## [Problem description]
Print the data below exactly as it stands, and keep the pictures out.
═════ Stored data
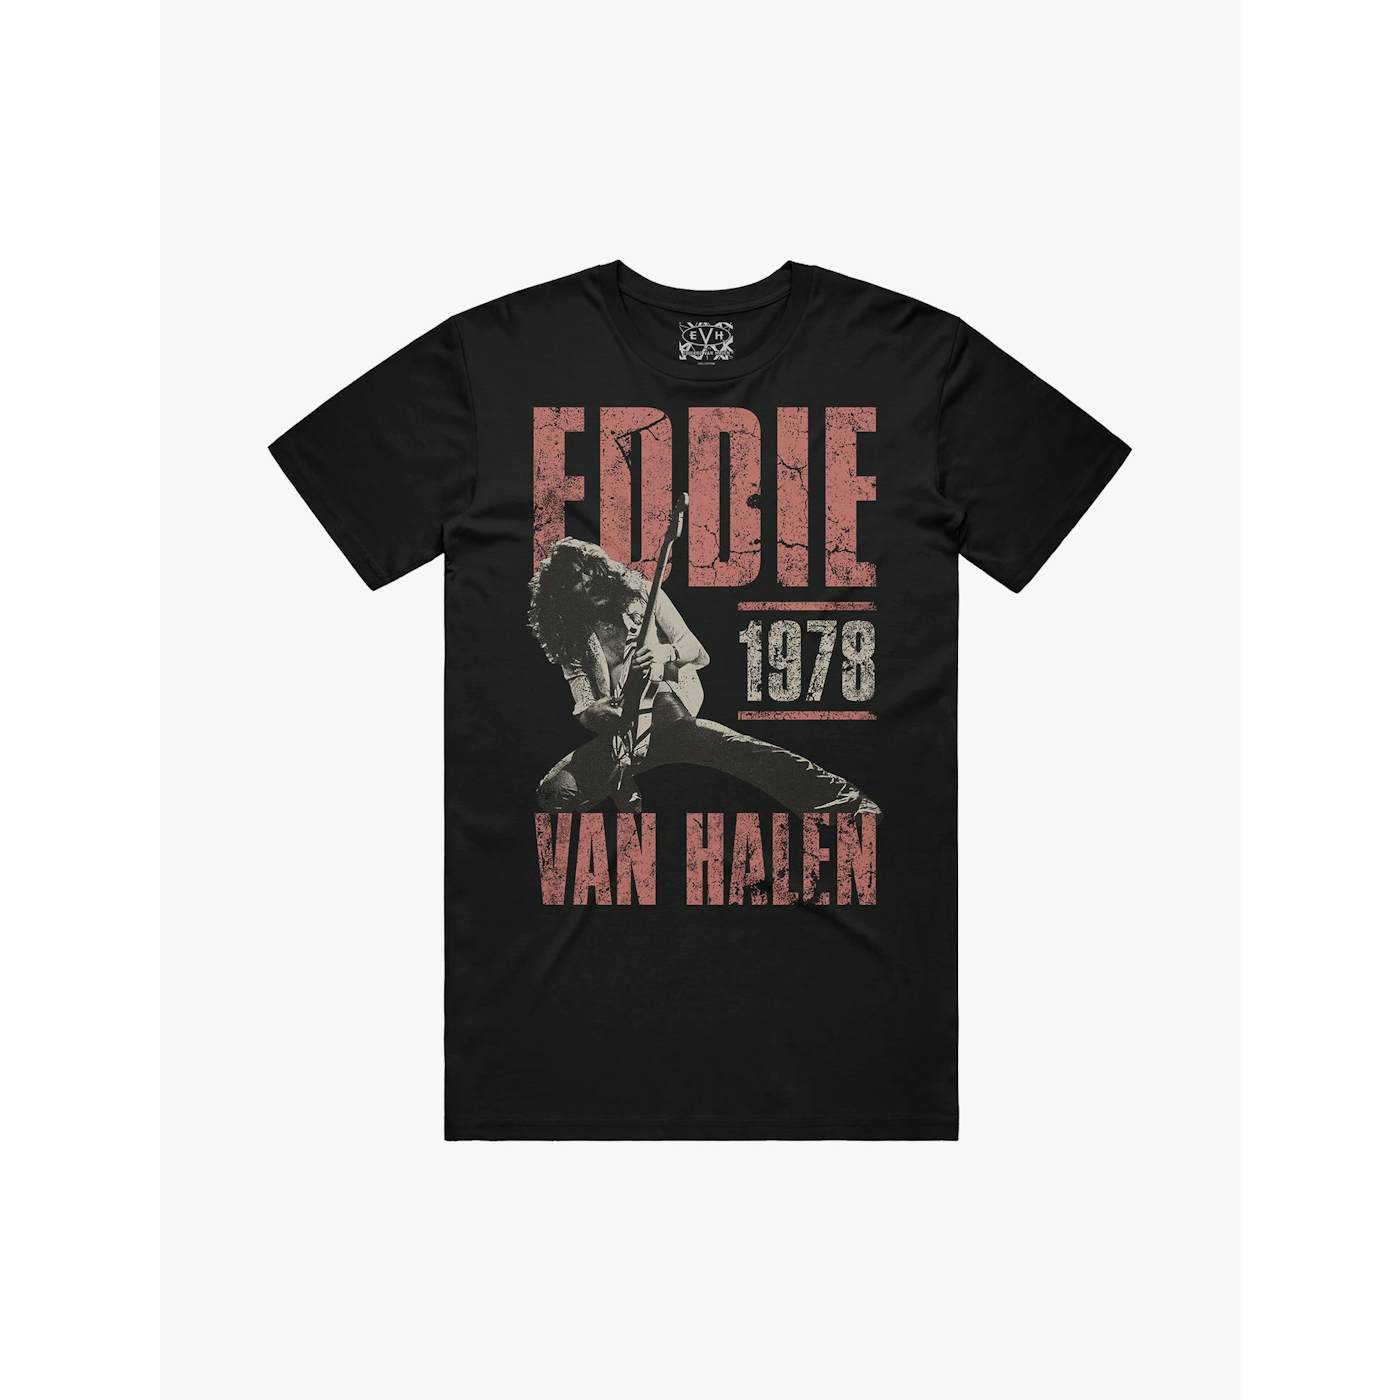 Eddie Van Halen Poster Tee
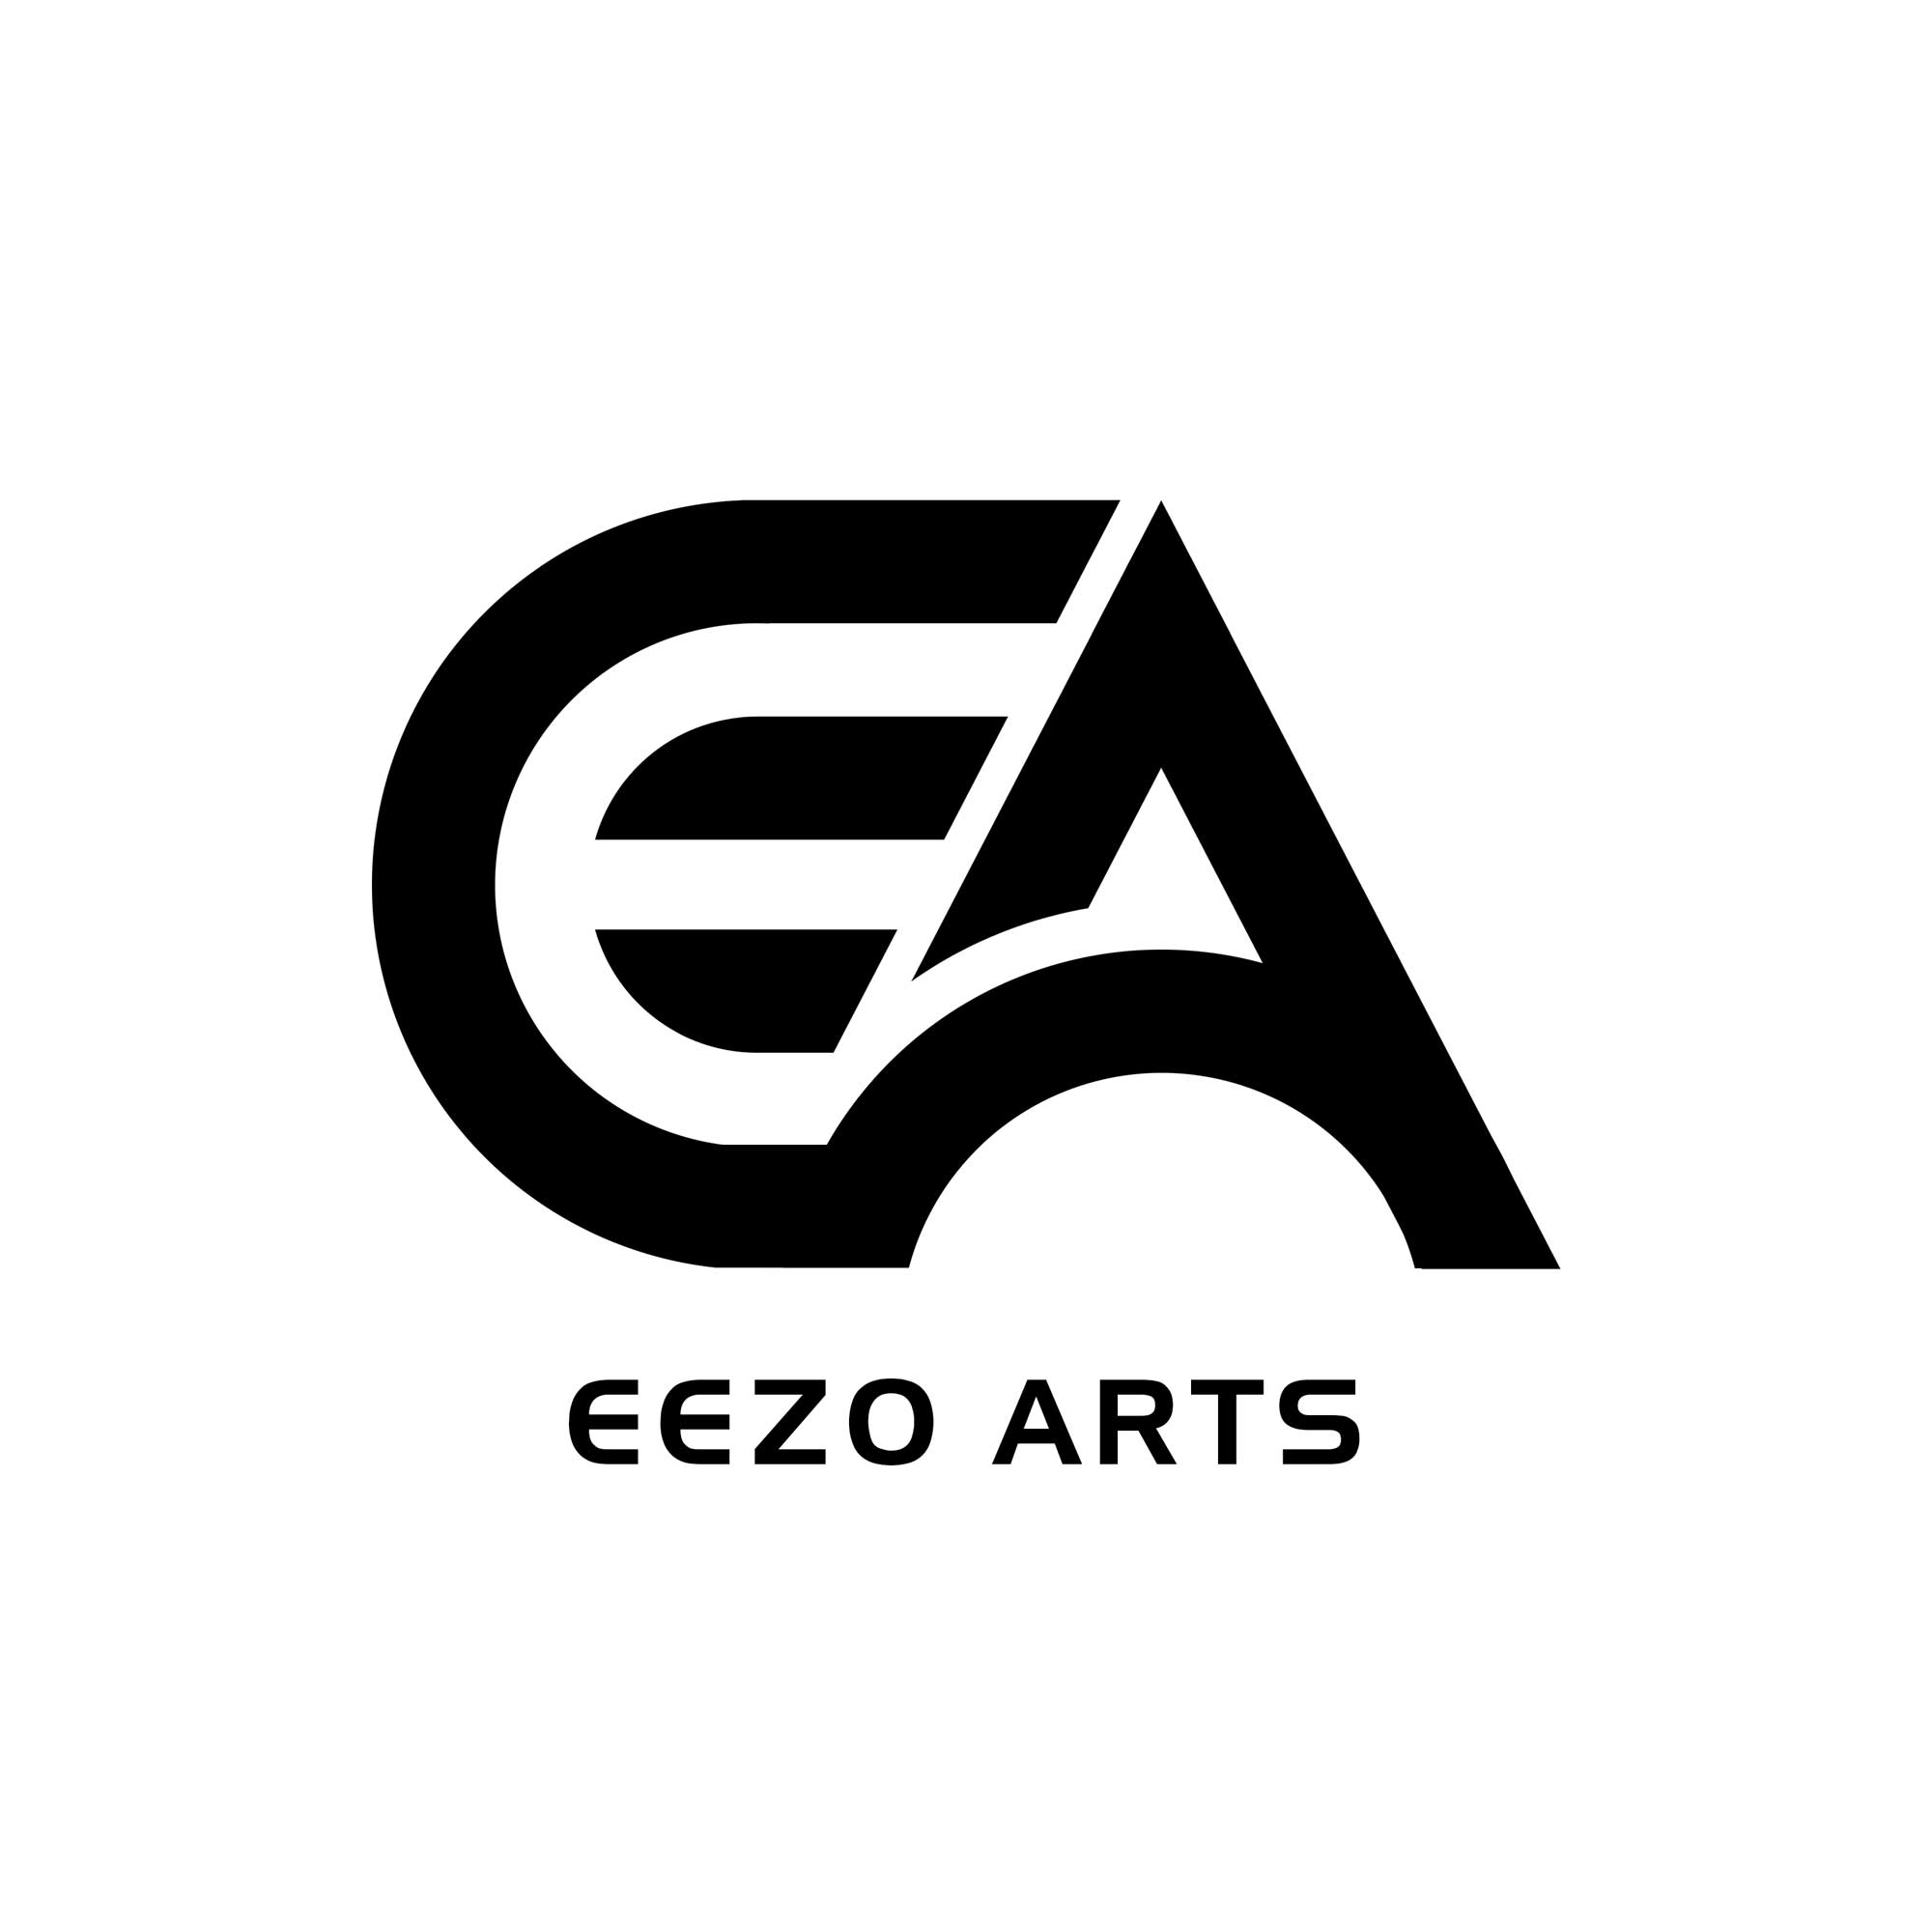 Eezo Arts
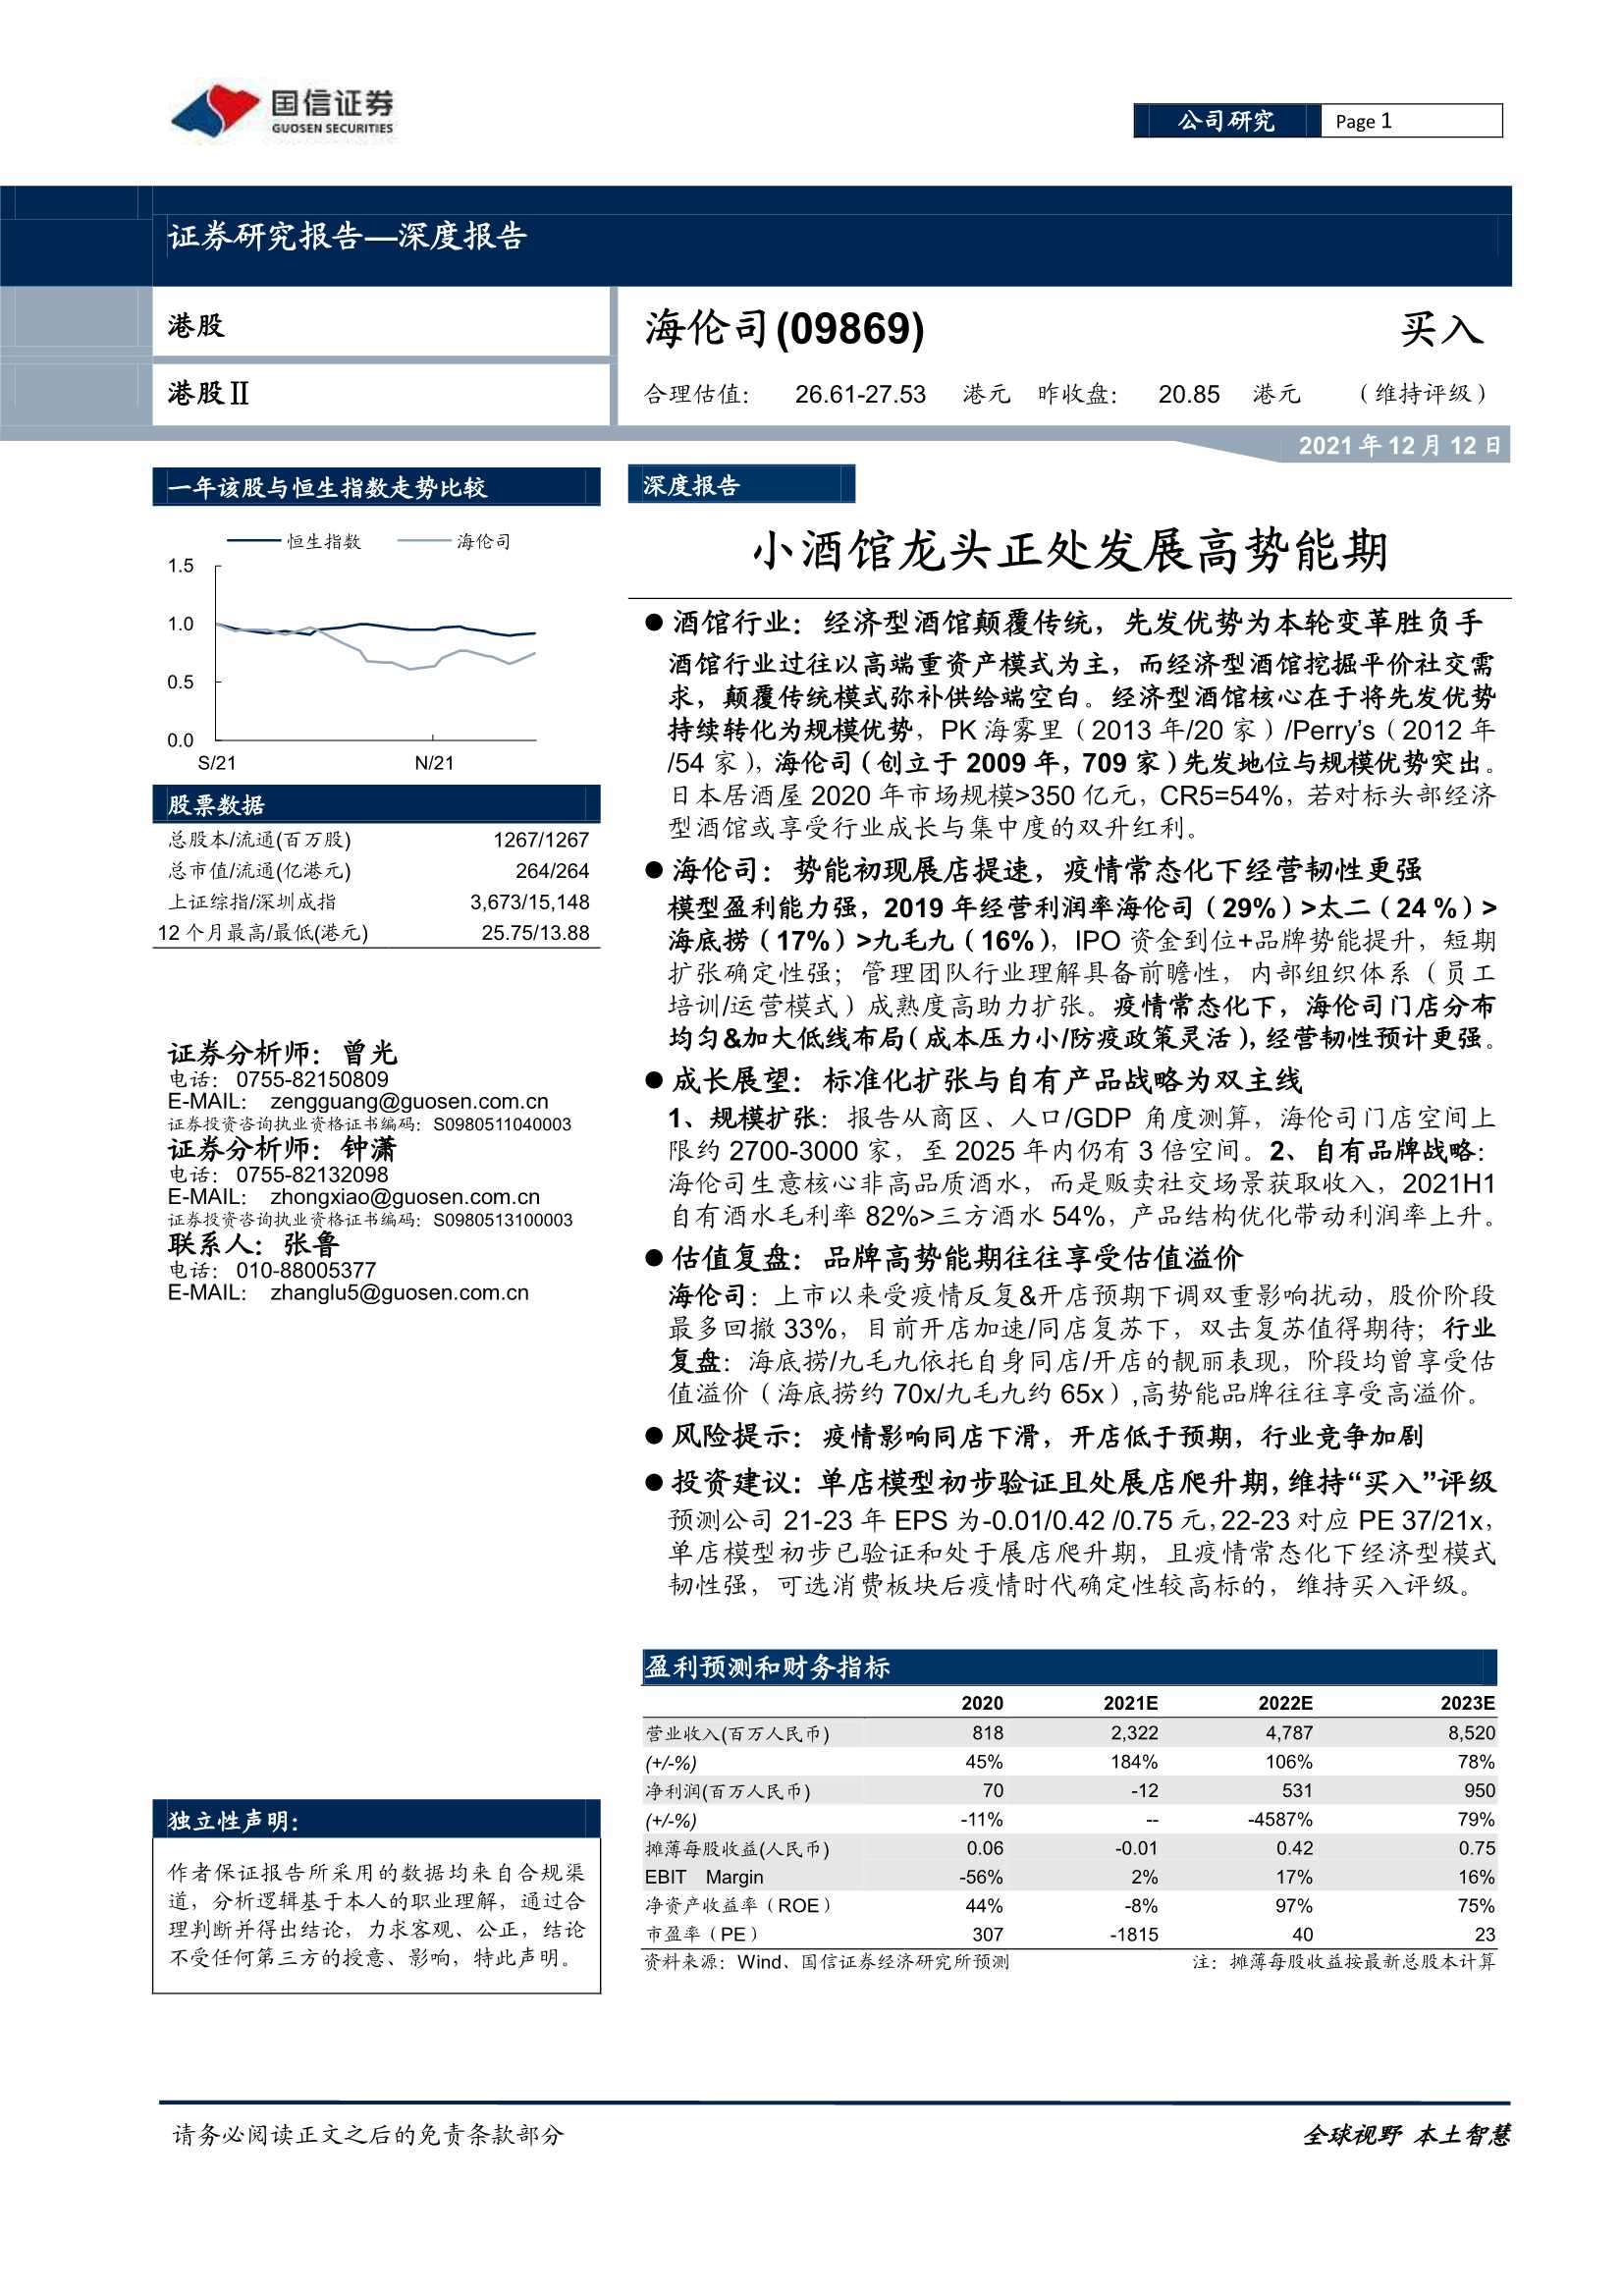 国信证券-海伦司-9869.HK-小酒馆龙头正处发展高势能期-20211212-34页
══════════
## [Task result]
 Eddie Van Halen Poster Tee
 Eezo Arts
 国信证券-海伦司-9869.HK-小酒馆龙头正处发展高势能期-20211212-34页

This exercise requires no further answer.